1. Feed a species appropriate diet

Nutrition is the foundation for good health for cats and humans. Cats are obligate carnivores and they need meat to thrive. If you’re not already feeding a raw or grain-free canned diet, consider making this the year you make the switch. Your cats will thank you for it. You’ll find a wealth of information on feline nutrition, including my recommendations, right here on The Conscious Cat.

2. Regular veterinary check ups

The American Association of Feline Practitioners recommends a minimum of annual wellness examinations for all cats in its Feline Life Stage Guidelines. Semi-annual wellness exams may be indicated for older cats, and cats with recurring health problems. Changes in health status may occur in a short period of time, and by the time cats show symptoms, a disease may already be progressed to a stage where treatment will be more complicated and more expensive.

3. Enrich your cat’s environment

At their core, cats are still wild animals, and while we’ve invited them into our homes to share our lives, we can’t expect them to completely give up all their instincts.

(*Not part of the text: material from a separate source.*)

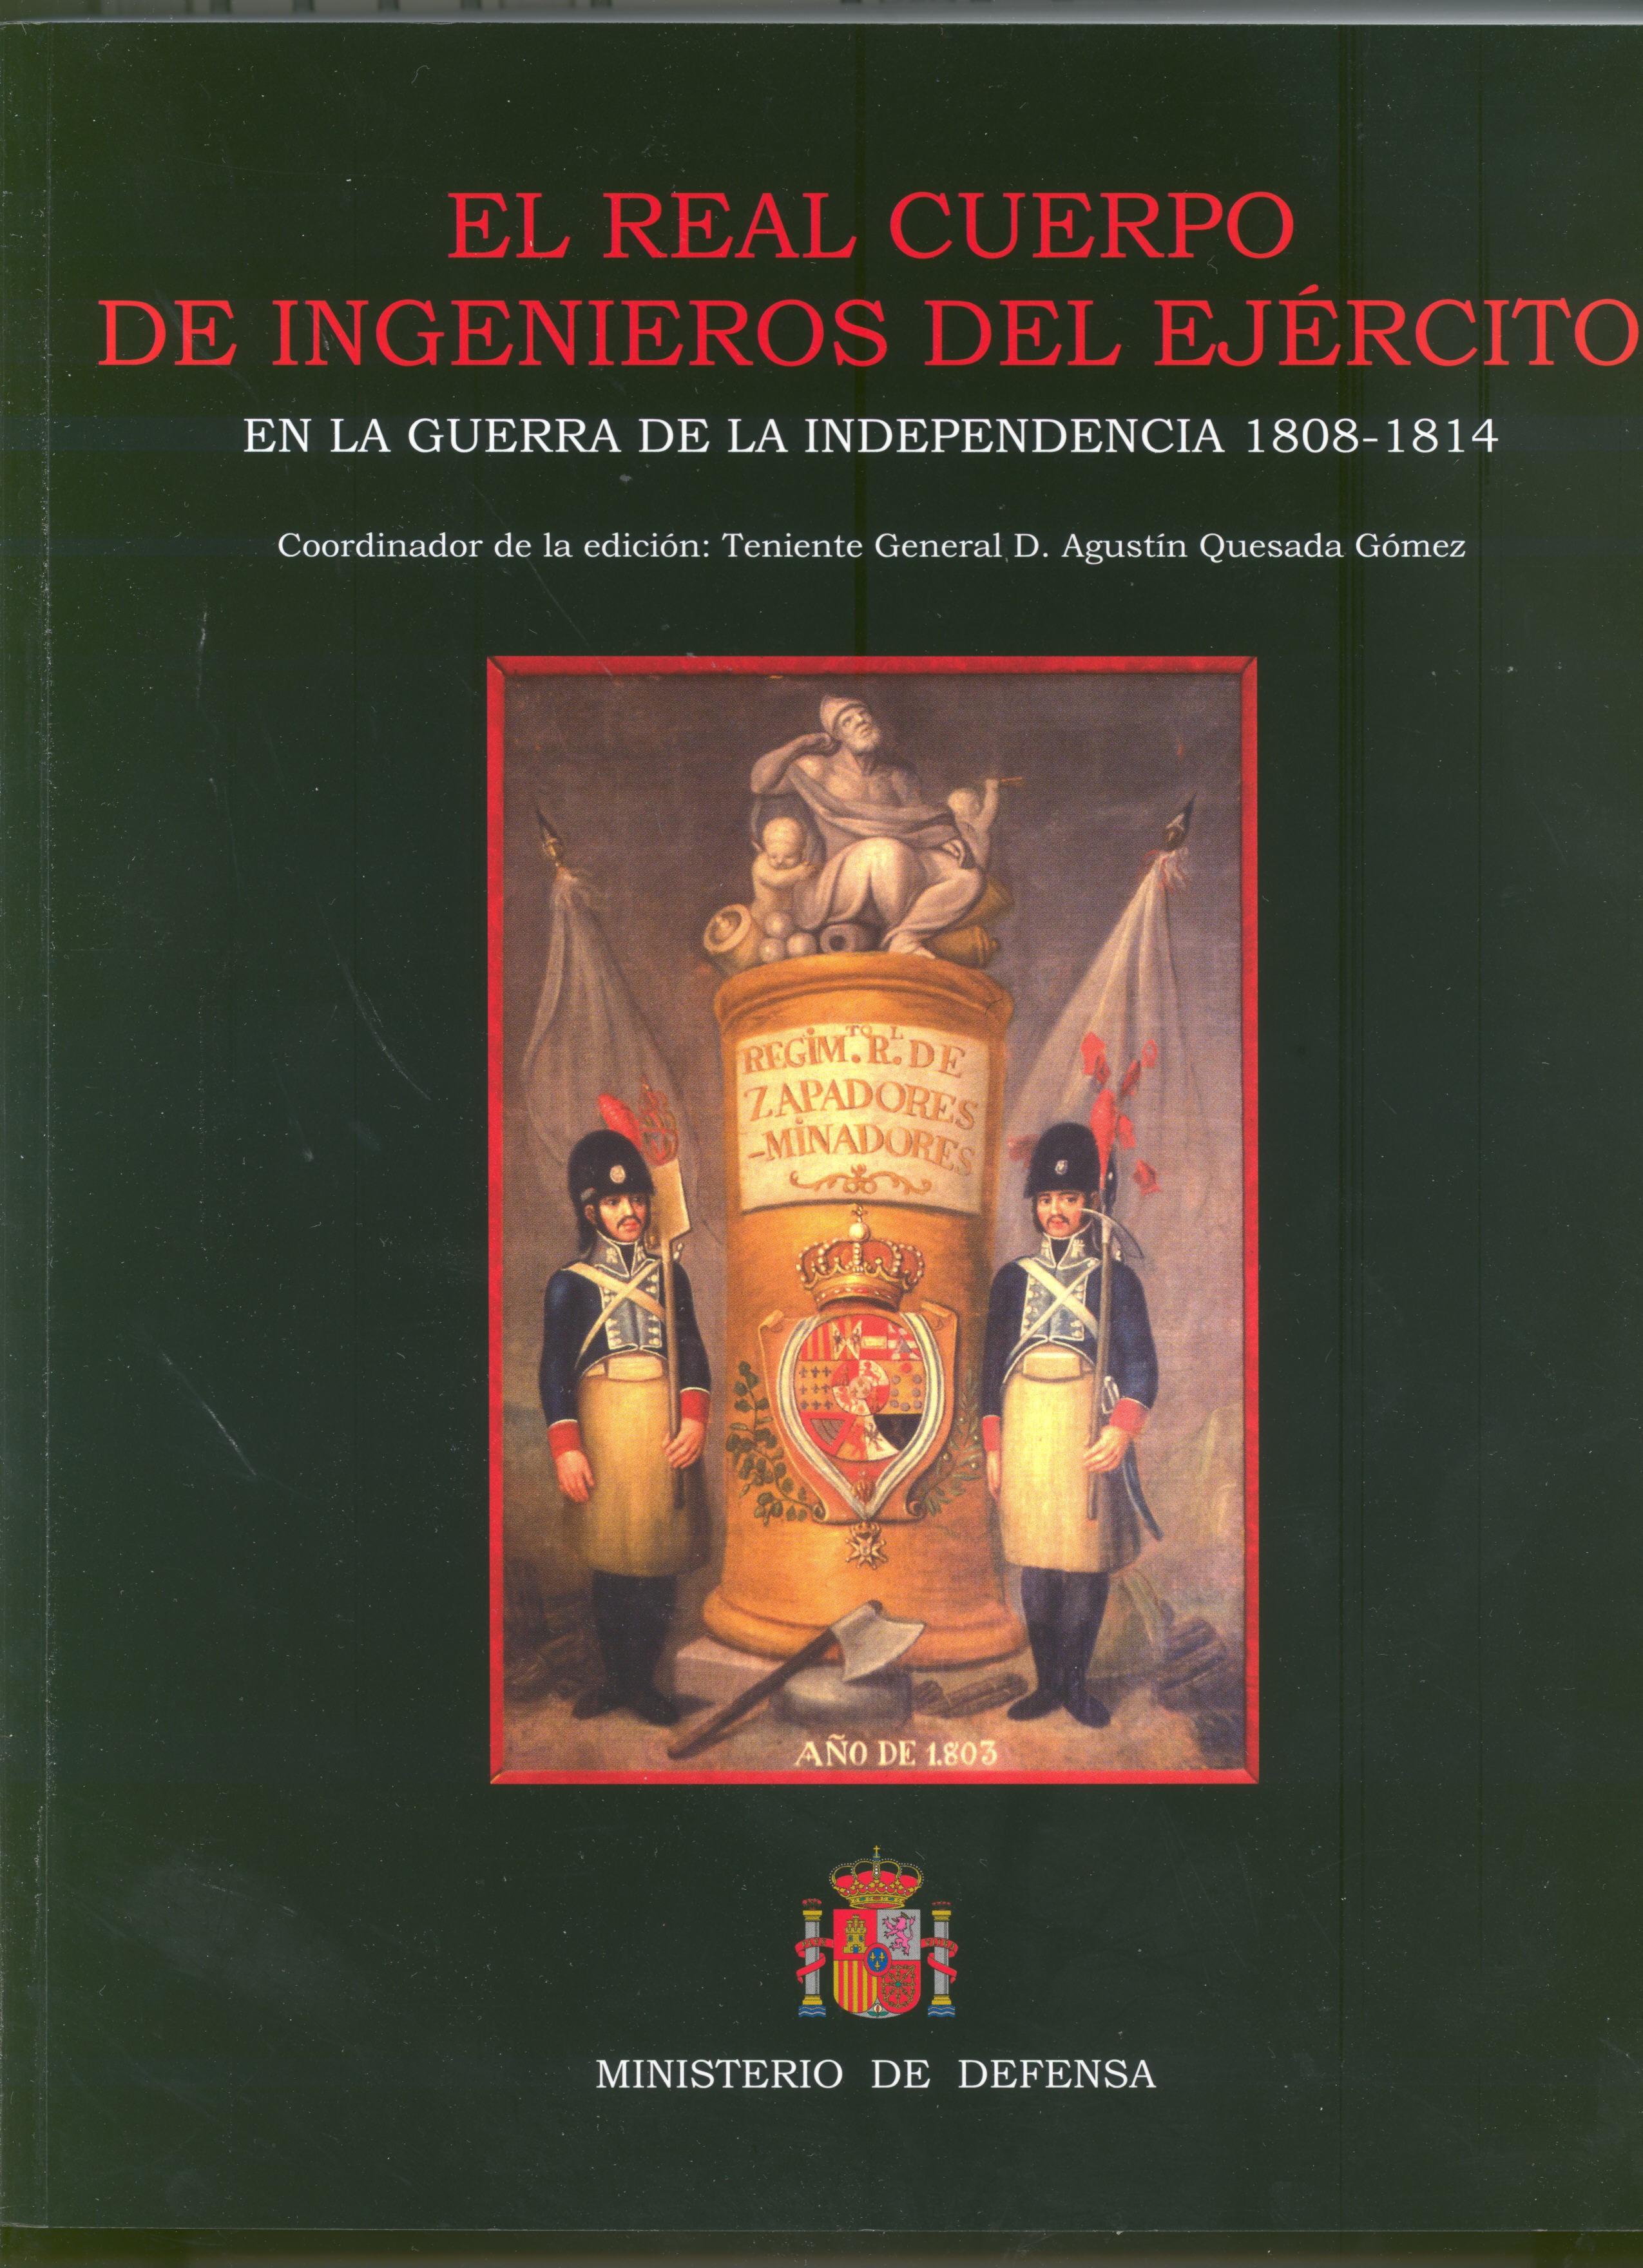 REAL CUERPO DE INGENIEROS DEL EJÉRCITO EN LA GUERRA DE LA INDEPENDENCIA 1808-1814, EL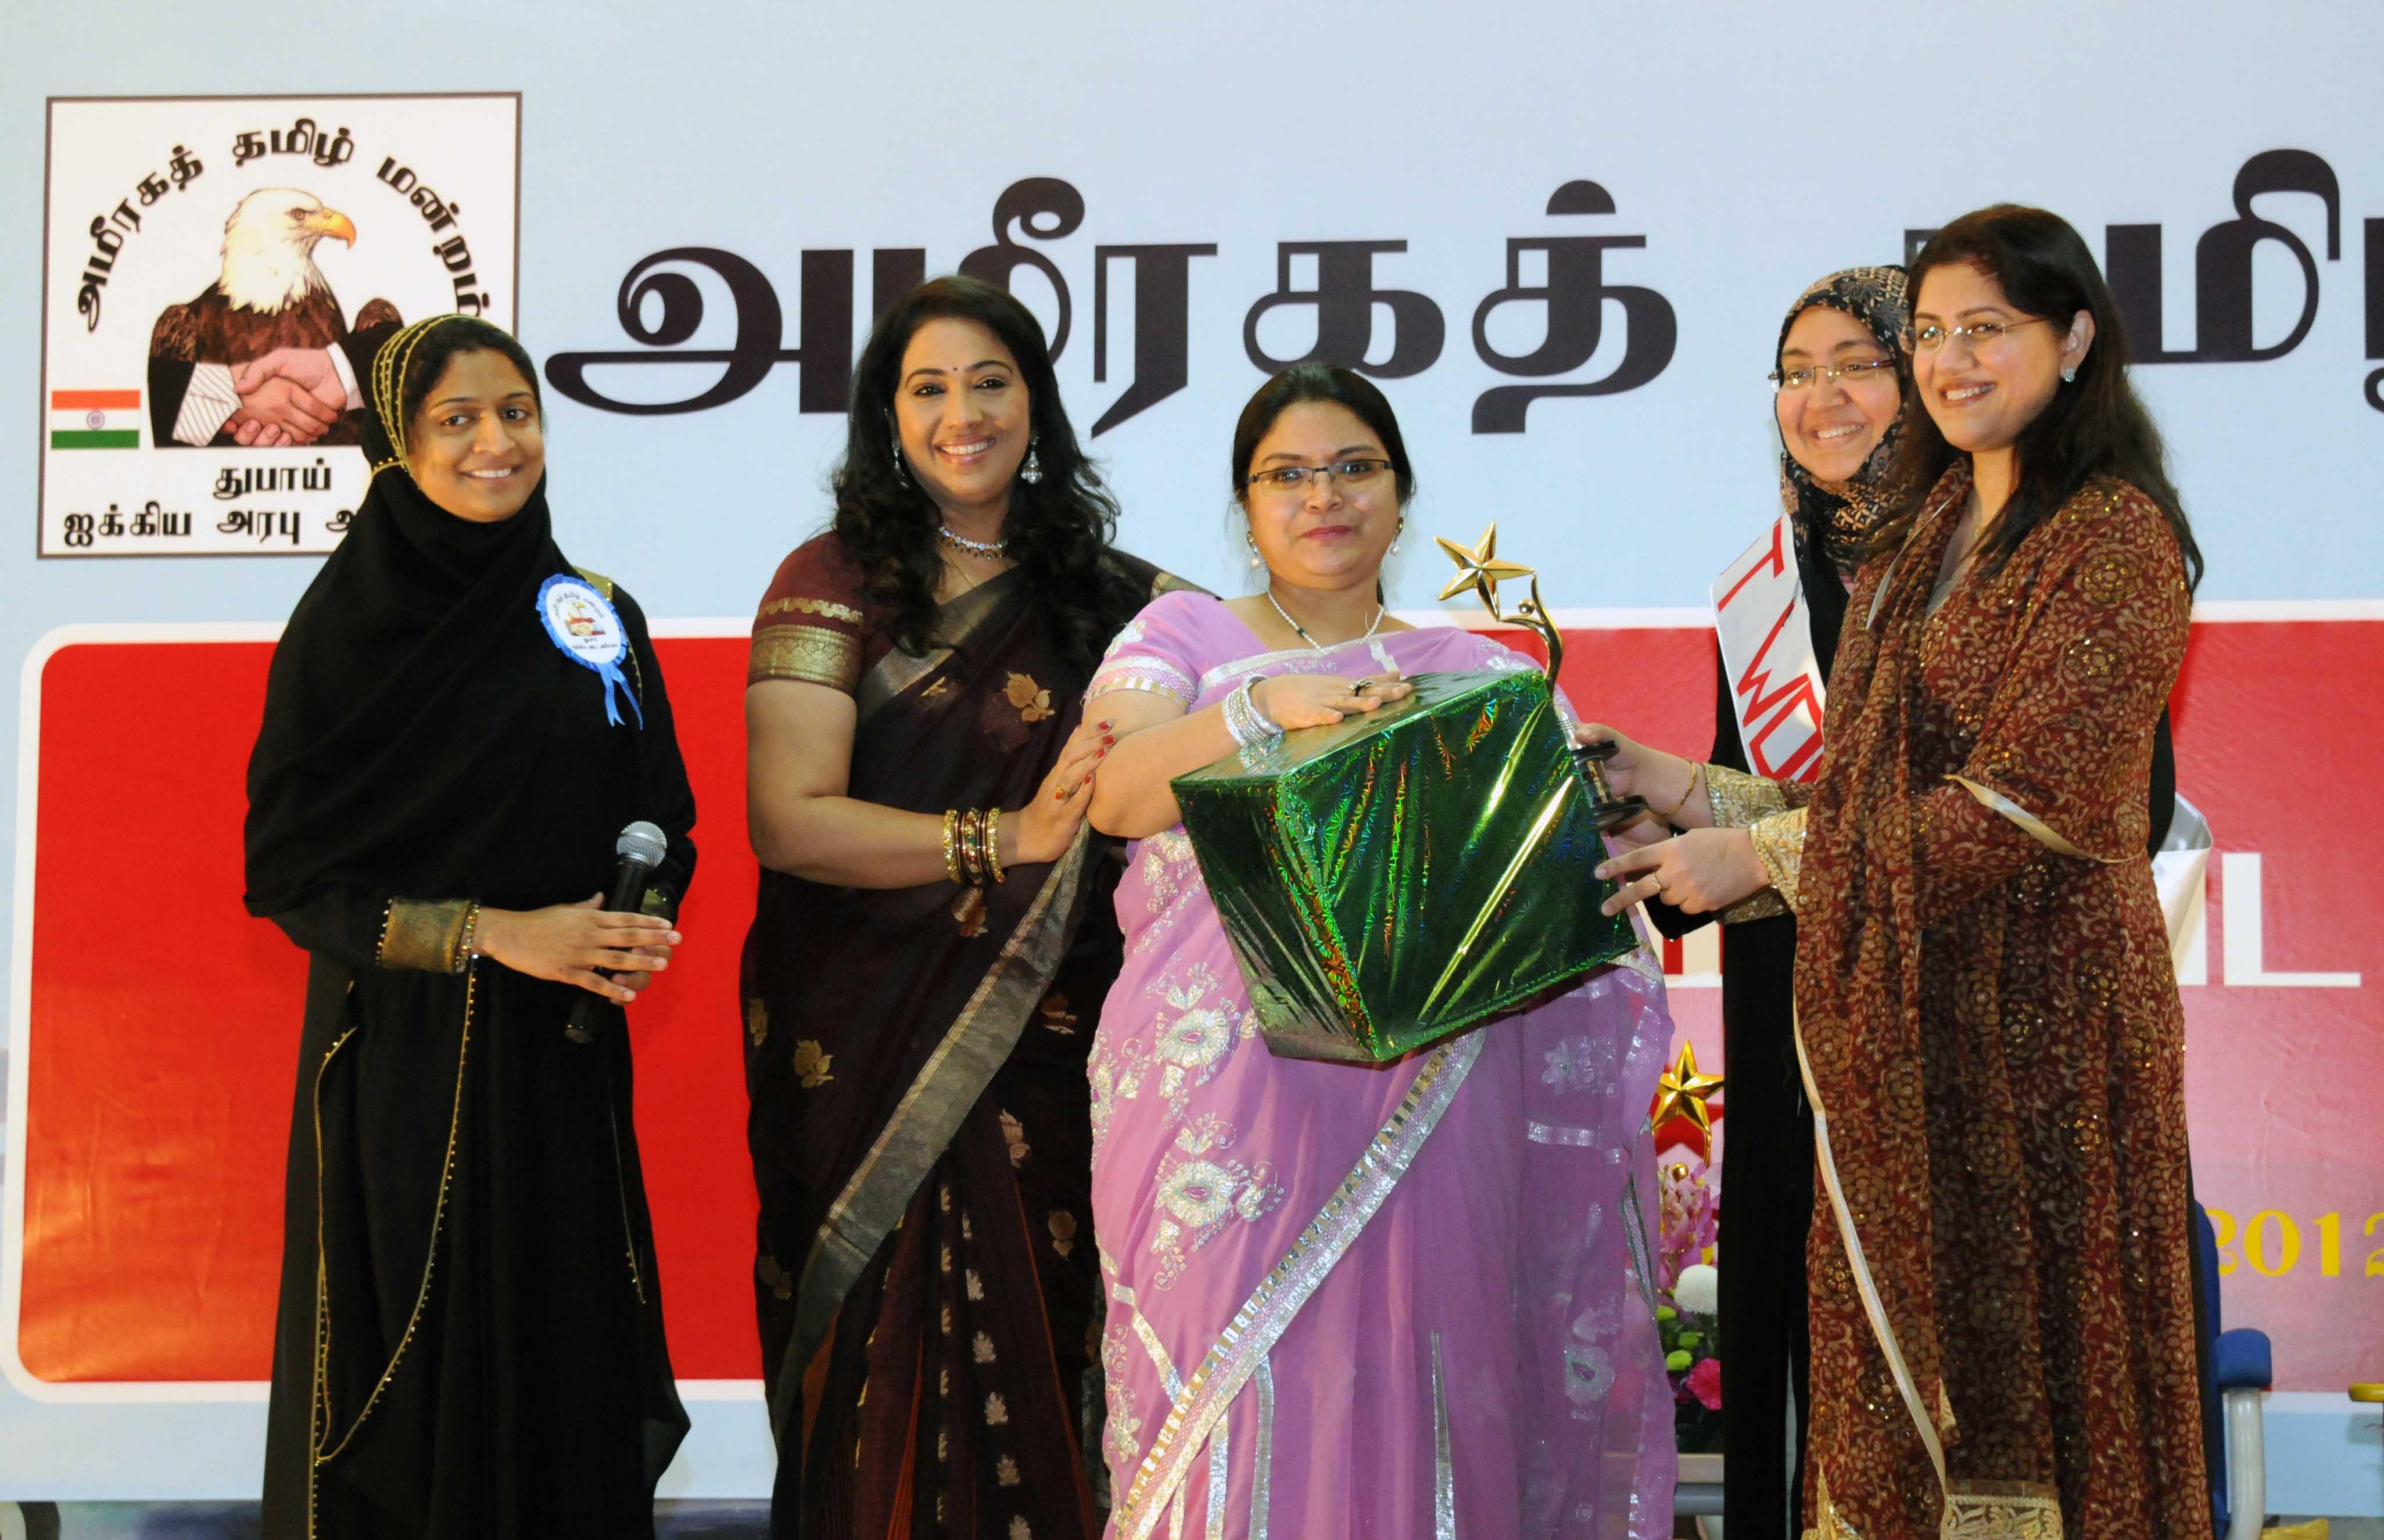 'கனவு மெய்ப்பட வேண்டும்' – துபாய் 'அமீரகத் தமிழ் மன்றத்தின்' பெண்கள் விழா

We have to look at our living space from the cat’s point of view and provide an environment that keeps them stimulated. When cats’ needs are not met, they will be stressed, and this stress will often demonstrate itself in behavior issues such as inappropriate elimination, scratching, and aggression toward other cats and even the humans in the household. Accommodating cats’ needs is critical to ensuring that they are happy and healthy.

4. Keep your cat’s teeth healthy

Dental disease is the most frequently diagnosed health problem for cats, and, if left untreated, can lead to serious health problems including heart, kidney and liver disease. The best way to prevent dental disease is through brushing your cat’s teeth, and it’s not as hard as you may think to get a cat used to regular brushing.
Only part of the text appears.